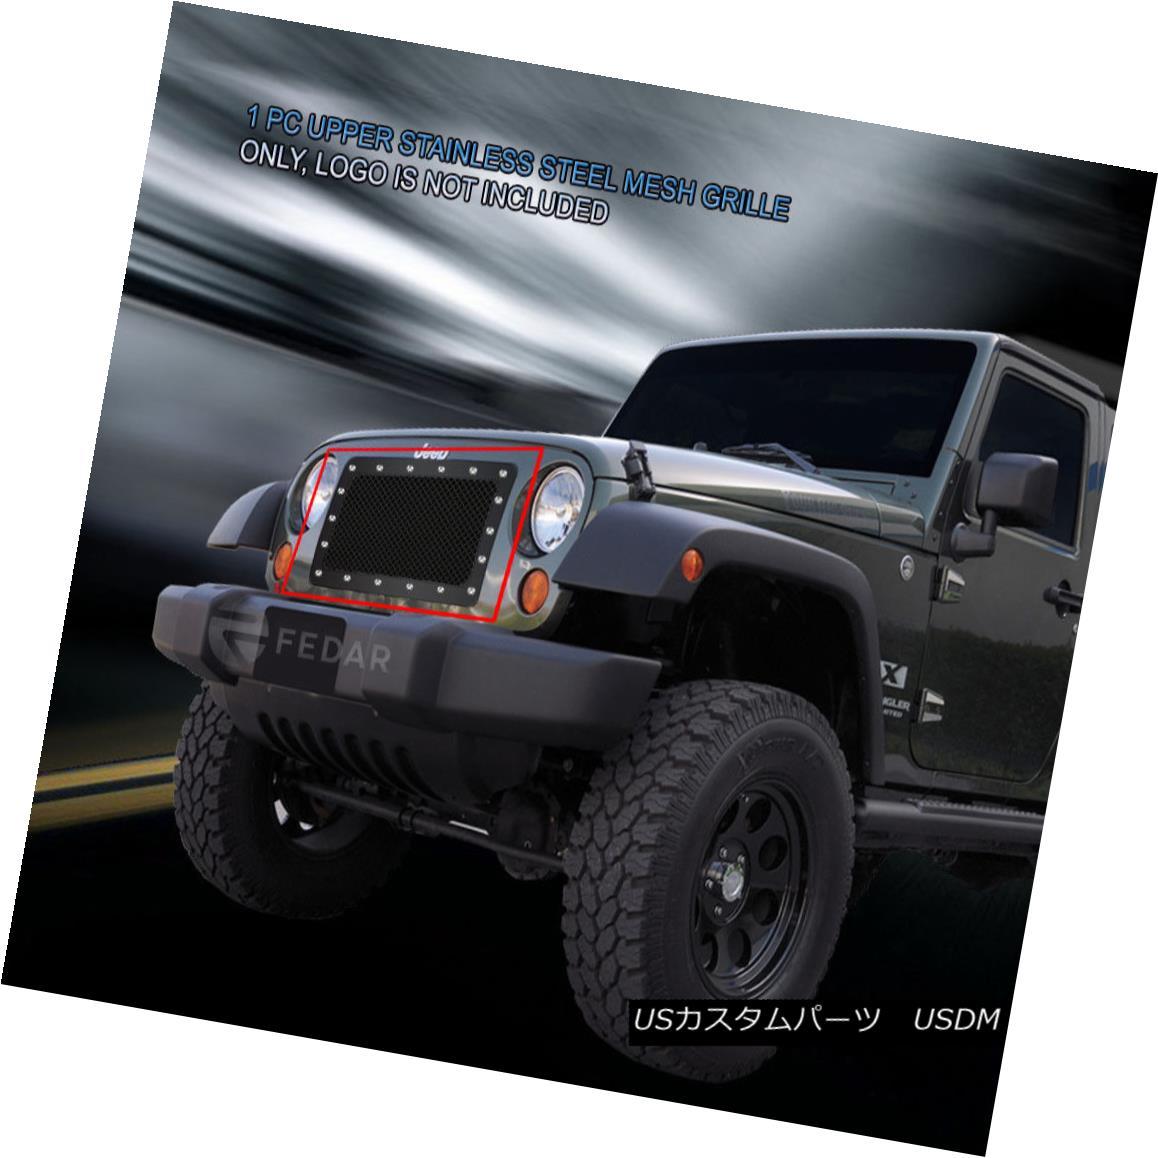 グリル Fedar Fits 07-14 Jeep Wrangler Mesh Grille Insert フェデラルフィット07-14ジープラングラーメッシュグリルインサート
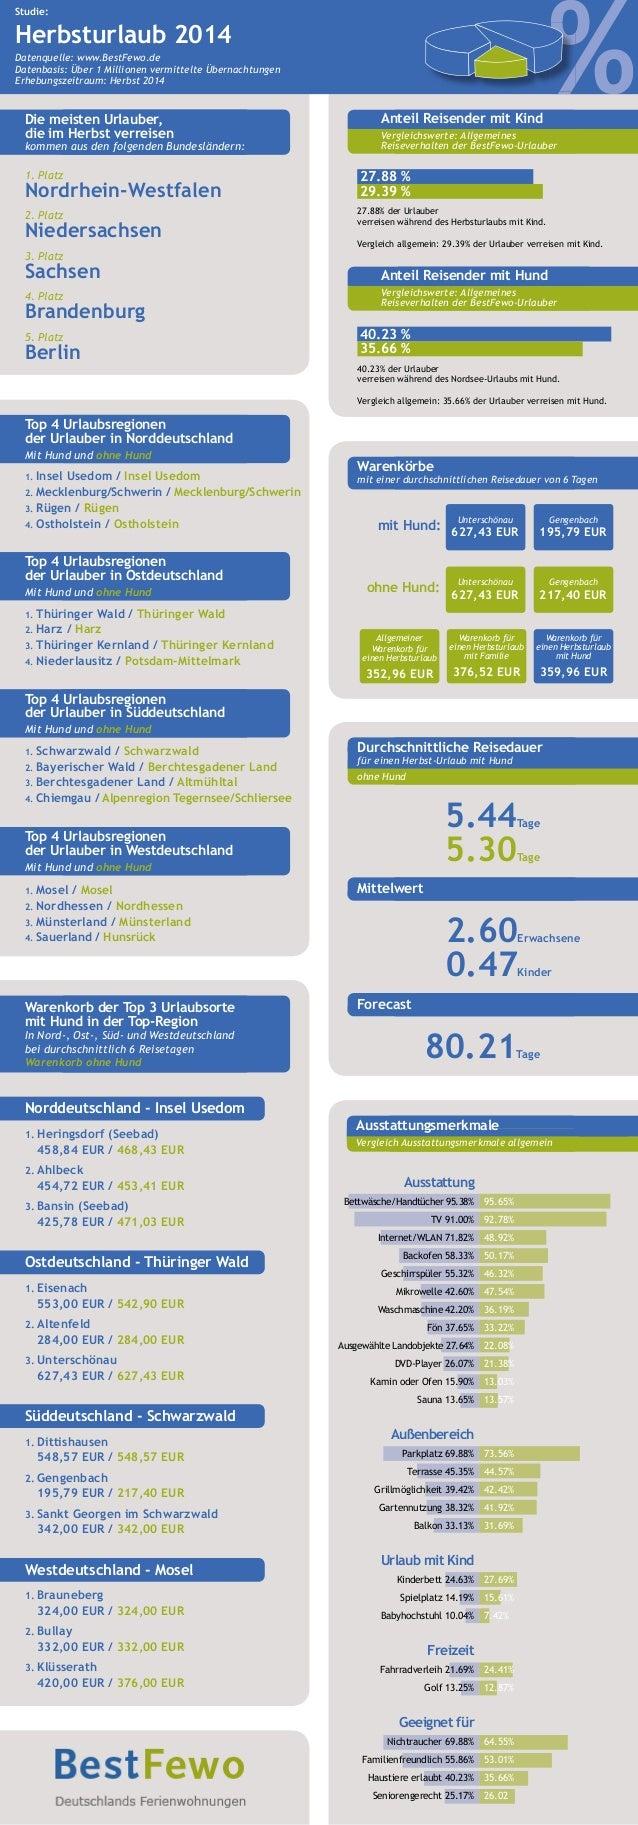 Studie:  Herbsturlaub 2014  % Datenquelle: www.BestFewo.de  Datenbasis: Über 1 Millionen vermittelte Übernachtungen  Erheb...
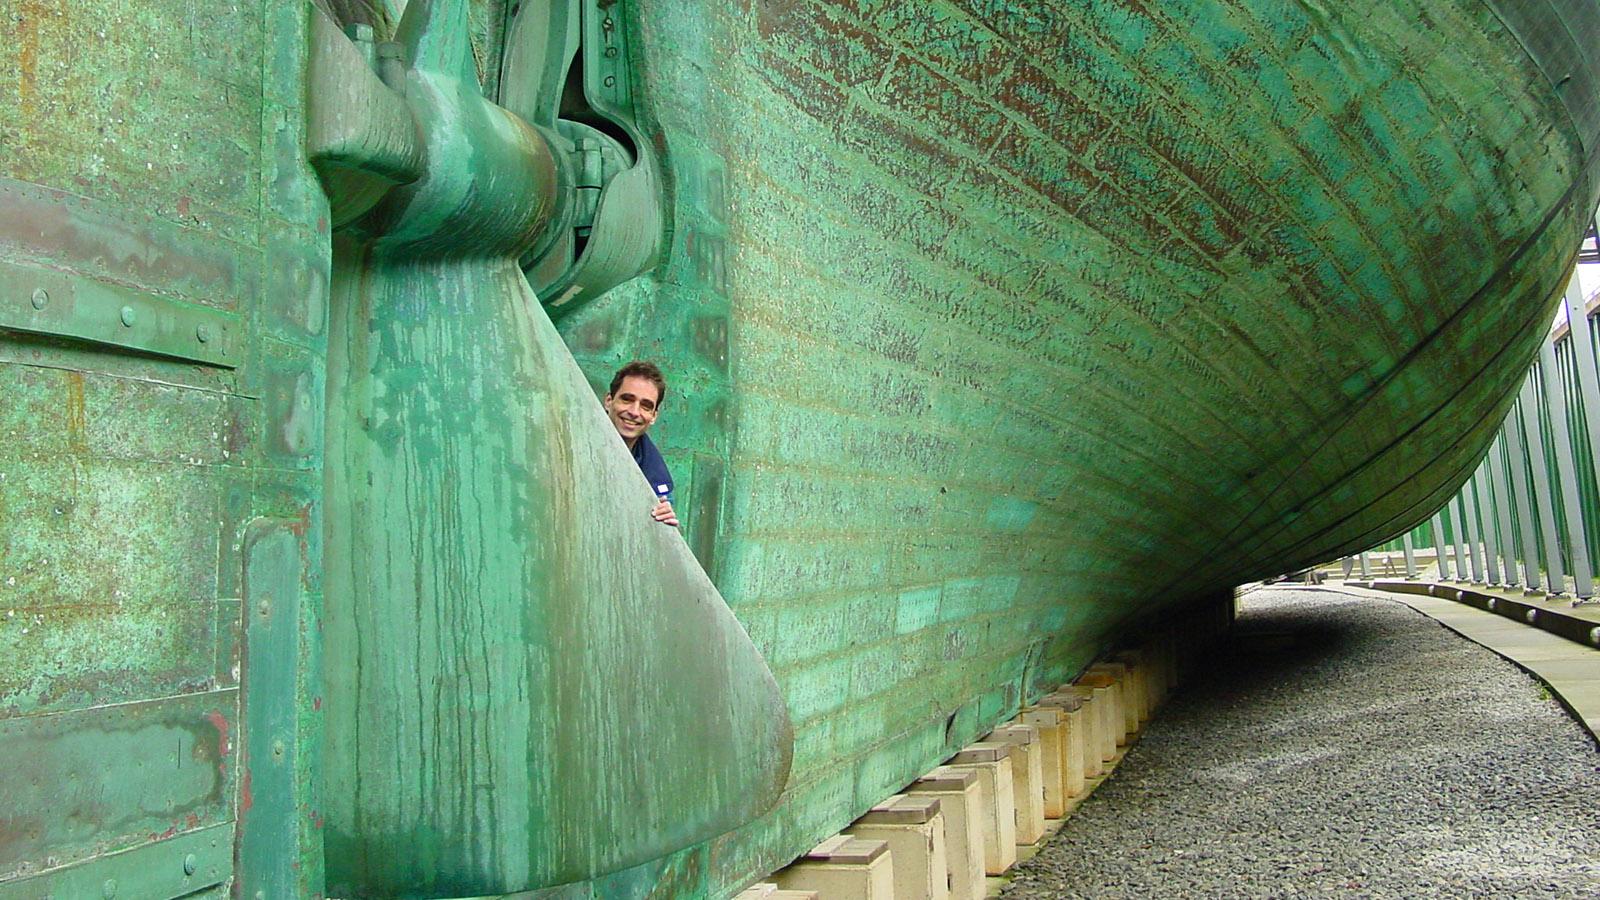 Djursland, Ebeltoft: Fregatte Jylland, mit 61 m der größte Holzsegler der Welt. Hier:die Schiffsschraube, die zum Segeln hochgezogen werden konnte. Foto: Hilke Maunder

********************

◆ **WHAT IS EXPECTED**:
The result should be the same data as above, line for line, with the pictures gone.

◆ **SOLUTION**:
 グリル Fedar Fits 07-14 Jeep Wrangler Mesh Grille Insert フェデラルフィット07-14ジープラングラーメッシュグリルインサート
 Studie:  Herbsturlaub 2014  % Datenquelle: www.BestFewo.de  Datenbasis: Über 1 Millionen vermittelte Übernachtungen  Erheb...
 Djursland, Ebeltoft: Fregatte Jylland, mit 61 m der größte Holzsegler der Welt. Hier:die Schiffsschraube, die zum Segeln hochgezogen werden konnte. Foto: Hilke Maunder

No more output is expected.